When you want to talk about someone or something --> when you are referring to a resource, you have to express exactly which resource you are referring to. You have to identify that resource. Identifiers are essential in any data information system, and the same holds true for the Solid ecosystem. Where typical database systems make use of local identifiers, resources in the Solid ecosystem need universal identifiers: identifiers that uniquely identify a specific resource, across any database system or location.
On the Web, we already use a subset of these kinds of identifiers, conveniently called Universal Resource Locators, or URLs. We can use these identifiers to also retrieve the resources they identify. In technical terms this is called dereferencing the URL. This means that each web page’s URL is also its Universal Resource Identifier, or URI, and can be used by anyone to refer to, and retrieve, that web page.
Each URI begins with a scheme name. That scheme describes how to interpret the URI, and how to access the resource if it is a URL. Within the Solid ecosystem, we will typically deal with URLs that use the HTTP scheme, or actually the more secure HTTPS scheme. The remainder of a URL describes where the URL is located (via the hostname), and where on that location you can find the document containing the resource (via the path and the path queries). Finally, you can use a fragment identifier if you are referring to a specific part of the document. The URIs you see now are all different URIs that could identify different resources.
<sidebar>
To be more complete, there also exist IRIs, or Internationalized Resource Identifiers. An IRI is a more advanced version of a URI. When using URIs, you can only use specific western characters. IRIs allow hostnames, paths, fragments, and path queries to contain pretty much all internationalized characters, including Chinese and Japanese characters. In practice, most systems support IRIs, and it’s easy to translate IRIs to URIs and back. In practice, this also means that you can locate resources using IRIs having internationalized characters, however, URI remains the most commonly used term.

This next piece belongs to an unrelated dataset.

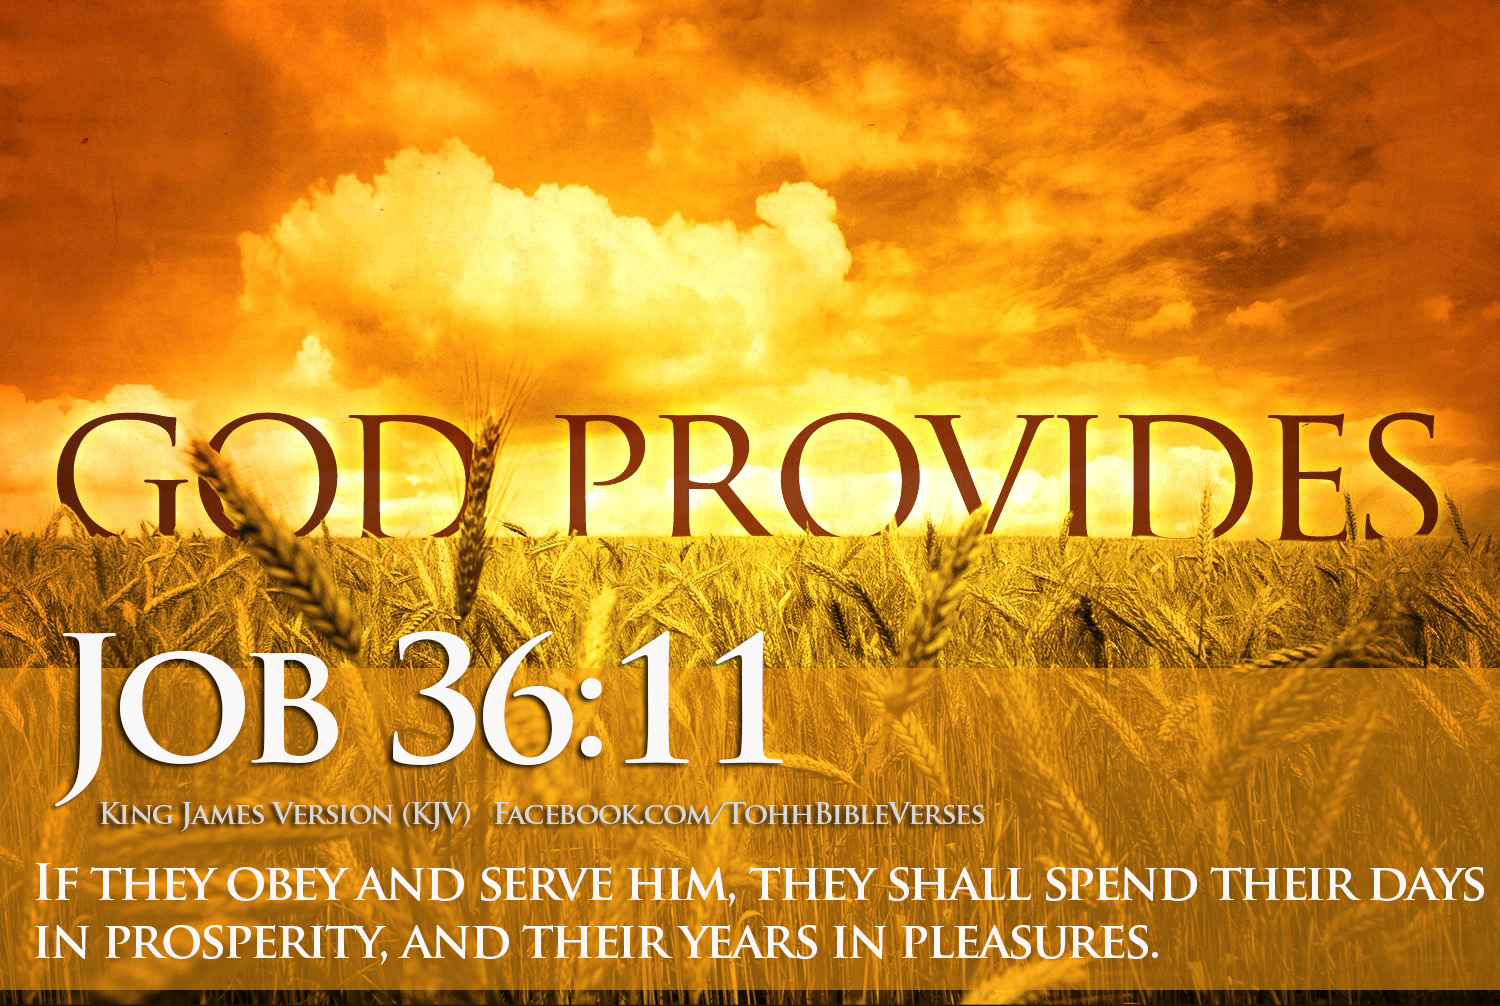 Download HD Bible Verses Wallpaper Prosperity Job 3611 1500x1006

The structured data we have been talking about can also contain identifiers that cannot be used to locate the resource on the Web → we could use non-dereferencable URIs instead of URLs. URNs, or Uniform Resource Names, such as ISBNs and ISSNs, are some concrete examples of these. </sidebar>
So, URIs are used to identify resources. Resources can be anything: documents served as web pages, and data blobs such as PDFs or images in JPEG. But the power of the Solid ecosystem is that resources can be data themselves. Using URIs, we move from the (original) Web of documents, to the Web of data -- also called the Semantic Web. By looking up a URI, people and applications can retrieve data about that resource, in both public and private networks. A resource could, for example, be a structured piece of data that describes me.
In the third episode of the Solid Tech Talks, we already talked about vocabularies: sets of words with an unambiguous, agreed-upon meaning. Each of those meanings are again resources, and thus all have a distinct URI. The resource that describes me could use these URIs to link my resource to attributes (my first name, my last name, my birth date), but also link my resource to other resources, all using URIs.
Since URIs are universal identifiers, it becomes very easy to reuse URIs, not only those of vocabularies, but also those used to structure a piece of data. This is how we grow our network of data in a decentralized way. If we want to say something about an existing resource, we can use an existing URI. If we want to say something about a resource that is not described anywhere, we can create a new URI, and other people can use this new URI when describing this new resource.
As we discussed in our previous episode, on the Web, a single URL could return different representations of the same resource. It could return an HTML view when users visit that resource, it could return a JSON object, an XML document, a JPEG image… If needed, you can completely cater your response to what is requested, using standard HTTP Content Negotiation.
In Solid, additional restrictions are made on URLs and URL usage based on the last 30 years of Semantic Web experience. For example: to avoid confusion, two URLs that only differ by ending slash should not refer to two different resources, and when a URL becomes unused, it should not be hi-jacked to describe a different resource.
Finally, it is nowhere specified that all URIs and the resources they refer to need to be publicly available. You can set up specific authorization schemes to only allow specific people or applications to access specific resources. How does that work? Well, that’s something for a next video.